Arch Intern Med. 2003 Jan 13;163(1):17-29. doi: 10.1001/archinte.163.1.17.
Careful histopathological evaluation has shown the traditionally clinical diagnosis of idiopathic interstitial pneumonia to be more heterogeneous than once thought. Its subclassification, based on clinicopathological criteria, has important therapeutic and prognostic implications. The most important distinction is the presence of usual interstitial pneumonia, the histopathological pattern seen in idiopathic pulmonary fibrosis. Idiopathic pulmonary fibrosis has a worse response to therapy and prognosis. New insight into the pathophysiology of idiopathic pulmonary fibrosis suggests a distinctly fibroproliferative process, and antifibrotic therapies show promise. Although the clinical and radiographic diagnosis of idiopathic pulmonary fibrosis can be made confidently in some cases, many patients require surgical lung biopsy to determine their underlying histopathological pattern. A structured, clinicopathological approach to the diagnosis of idiopathic interstitial pneumonia, with particular attention to the identification of idiopathic pulmonary fibrosis, ensures proper therapy, enhances prognosis, and allows for further investigation of therapies aimed at the distinct pathophysiology.

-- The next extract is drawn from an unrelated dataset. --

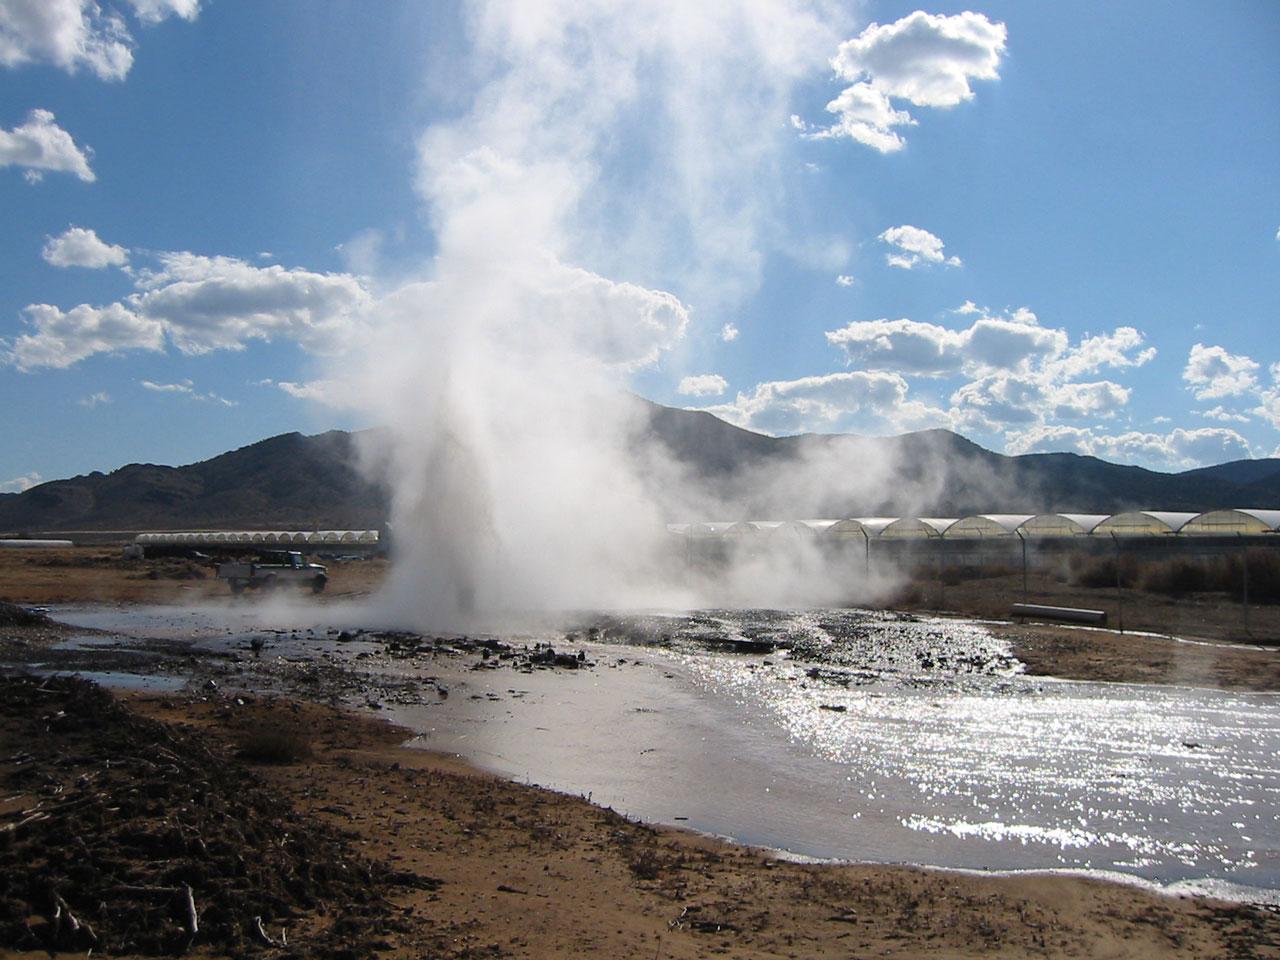 Utah geothermal well flow test at Milgro Nursery's greenhouses, Newcastle, Utah. Photo by Robert Blackett, Utah Geological Survey.

仔细的组织病理学评估显示,传统上临床诊断的特发性间质性肺炎比以往认为的更加异质性。基于临床病理标准的亚分类具有重要的治疗和预后意义。最重要的区别是普通型间质性肺炎的存在,这是特发性肺纤维化中所见的组织病理学模式。特发性肺纤维化对治疗的反应和预后较差。对特发性肺纤维化病理生理学的新见解表明这是一个明显的纤维增生过程,抗纤维化治疗显示出前景。尽管在某些情况下可以自信地做出特发性肺纤维化的临床和影像学诊断,但许多患者需要进行外科肺活检以确定其潜在的组织病理学模式。一种结构化的临床病理方法来诊断特发性间质性肺炎,尤其关注特发性肺纤维化的识别,可确保适当的治疗,改善预后,并允许针对独特病理生理学的治疗进行进一步研究。